GRADUATION DAY
Titre: Graduation Day
Réalisateur: Herb Freed
Interprètes: Christopher George

 

Patch Mackenzie
Michael Pataki
Linnea Quigley
Vanna White
Carmen Argenziano
 
Année: 1981
Genre: Slasher
Pays: USA
Editeur
Critique:

Petit budget hâtivement concocté pour ramasser les miettes des succès de VENDREDI 13, HALLOWEEN et autre BAL DE L’HORREUR, le quatrième long-métrage d’Herb Freed (coupable, l’année précédente du peu apprécié LES FORCES DE L’AU-DELA) propose une intrigue extrêmement basique et à l’intérêt limité qui se contente de décalquer la majorité des slashers antérieurement sortis.

Dans une université américaine, peu avant la remise des diplômes, une jeune étudiante, Laura, meurt d’épuisement lors d’un entrainement à la course après avoir été houspillée par son coach pour se démener davantage. Peu après, une autre sportive, Paula, est assassinée dans les bois. Une ancienne « Marines », Anne, sœur de Laura, revient mener l’enquête tandis que les meurtres d’étudiants se multiplient.

Comme nombre de slashers de son époque, GRADUATION DAY bénéficie aujourd’hui d’une certaine patine qui le rend, paradoxalement, plus plaisant qu’à sa sortie. Cependant, ses nombreux défauts restent patents. La principale protagoniste, présentée comme une dure à cuire de l’armée (elle repousse sans douceurs les assauts d’un routier à la main leste durant la première bobine), apparait ainsi complètement effacée : absente d’une bonne partie du métrage, elle revient jouer son rôle de « final girl » lors du climax. Ce-dernier, d’ailleurs, peine à convaincre et s’apparente surtout à une pièce rapportée qui tente, maladroitement, de développer une ambiance poisseuse aux lisières du fantastique dans l’esprit de PSYCHOSE ou MANIAC.

En guise de plus-value, quelques comédiens « typés » fréquentent le film, notamment un Christophe George (1931 – 1983) en fin de carrière reconverti dans le slasher peu avant son décès (MORTUARY, SADIQUE A LA TRONCONNEUSE). Michael Pataki (AIRPORT 77, ROCKY IV) s’octroie pour sa part un rôle secondaire aux côtés de Vanna White (future présentatrice de La Roue de la fortune version USA) et de la scream-queen Linnea Quigley. Cette dernière bénéficie du moment le plus mémorable du long-métrage : une longue scène durant laquelle sa poursuite (seins nus bien sûr !) par le tueur est ponctuée des braillements d’un groupe de rock / glam de seconde zone, Felony. Ces derniers (que l’on retrouvera dans la bande originale de JASON LE MORT VIVANT) interprètent leur fameux « Gangsters of Rock » de près de sept minutes au milieu d’une piste de roller transformée en discothèque. Un bon moyen pour Herb Freed de « capter l’air du temps » et, surtout, de tirer à la ligne afin d’atteindre la durée réglementaire !
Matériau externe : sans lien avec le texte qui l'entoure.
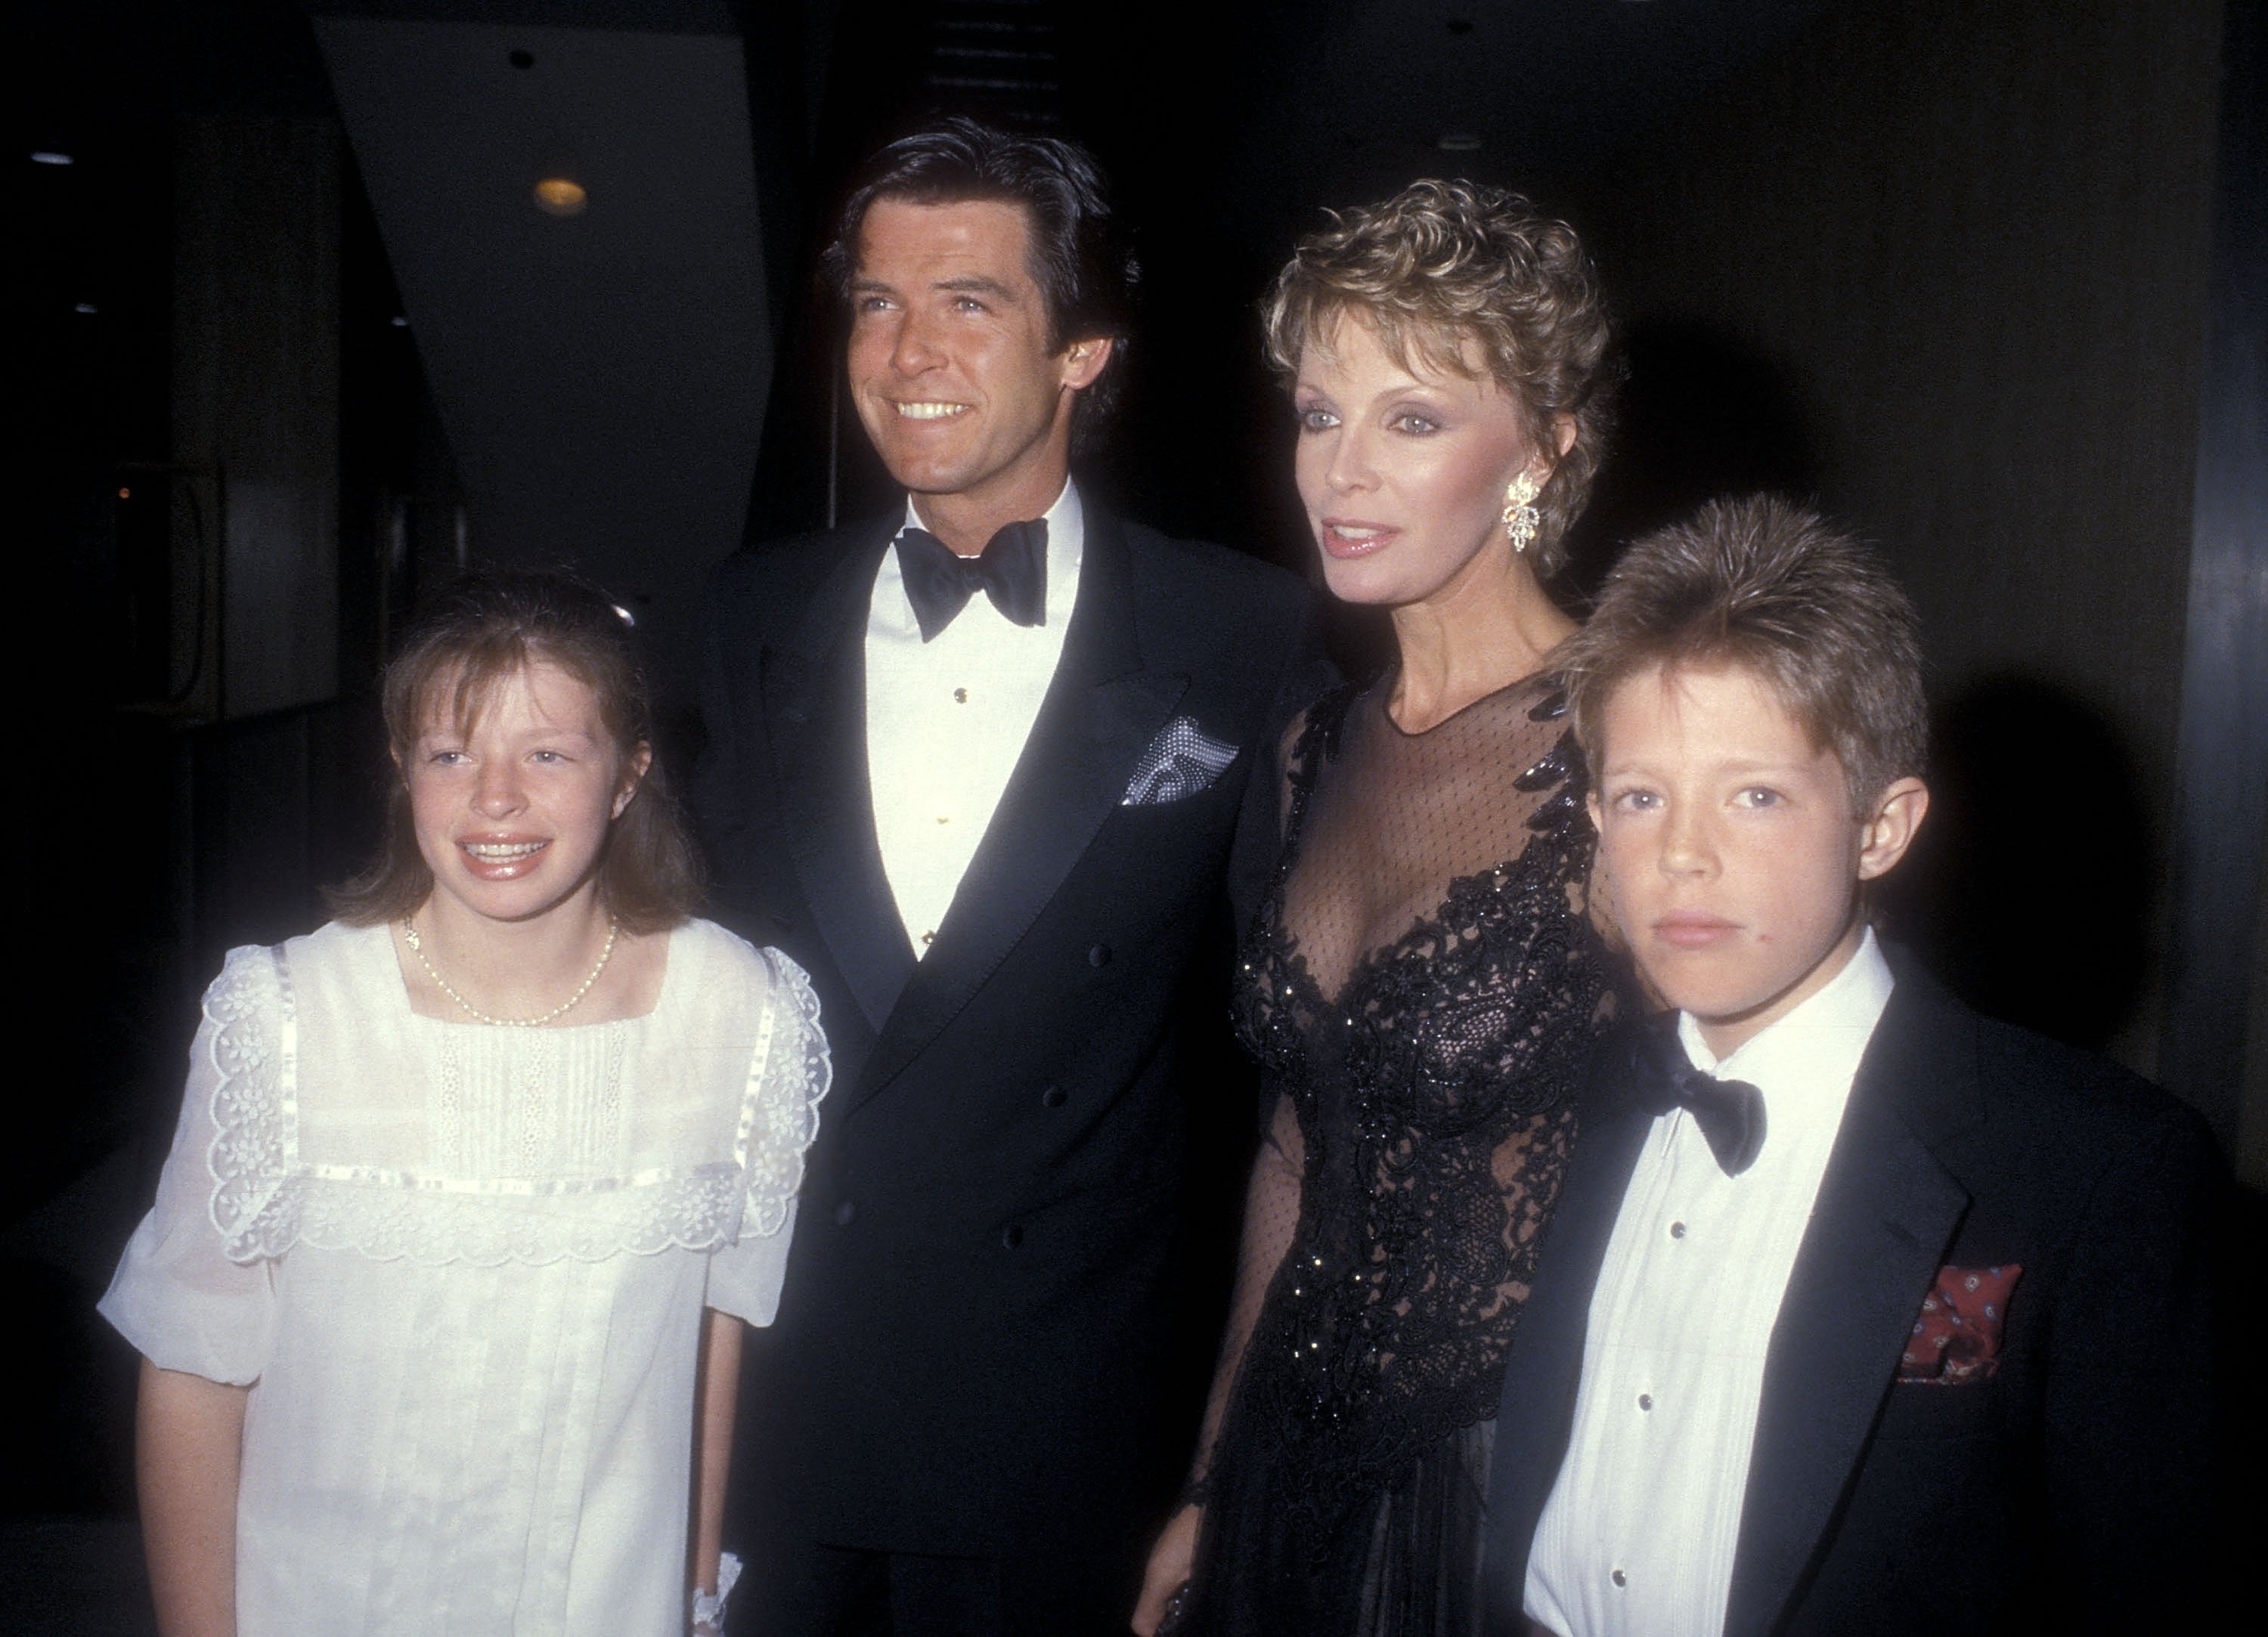 Actor Pierce Brosnan, wife Cassandra Harris, daughter Charlotte Harris and Christopher Harris attend the "Cats" Opening Night Musical Performance on January 11, 1985 | Source: Getty Images

GRADUATION DAY utilise également le principe du whodunit, ensuite abandonné par de nombreux slashers, ce qui permet de garder un tant soit peu l’attention du spectateur jusqu’à la révélation finale. Si l’identité et les motivations du meurtriers sont assez prévisibles on a vu pire (et moins crédible) quoique les tentatives d’impliquer le coach (joué par Christopher George) s’avèrent maladroites et échouent à susciter le doute sur le véritable coupable, rapidement évident.

Les passages gore, pour leur part, restent modérés mais développent une relative originalité : corps transpercé par des pointes acérées après un saut en hauteur qui tourne mal, coups de fleuret mortel, etc. Les habituelles gorges tranchées et autres décapitations sont, elles-aussi, de la partie et les clichés coutumiers ressurgissent régulièrement, entre autre cette manie de supprimer systématiquement tous les étudiants surpris en train de se peloter ou de fumer. Rien de neuf sous le soleil !

Commercialement, GRADUATION DAY fut un succès, générant près 24 millions de dollars (soit cent fois sa mise initiale estimée à 250 000 dollars…quoique d’autres sources parlent d’un plus modeste 1900 000 dollars de recettes) et bénéficia, au fil des années, d’un statut vaguement culte qui lui valut une distribution par Troma puis une sortie en blu-ray auprès d’autres « classiques » du slasher.

Loin d’un incontournable, GRADUATION DAY se révèle un poil supérieur à sa catastrophique réputation (beaucoup le considèrent comme un des pires slashers jamais tournés !) et procure au final un aimable divertissement pour les nostalgiques indulgents. Bref, un titre anecdotique et noyé dans la masse qui se regarde pourtant sans déplaisir et atteint au final la moyenne. Ce n’est déjà pas si mal.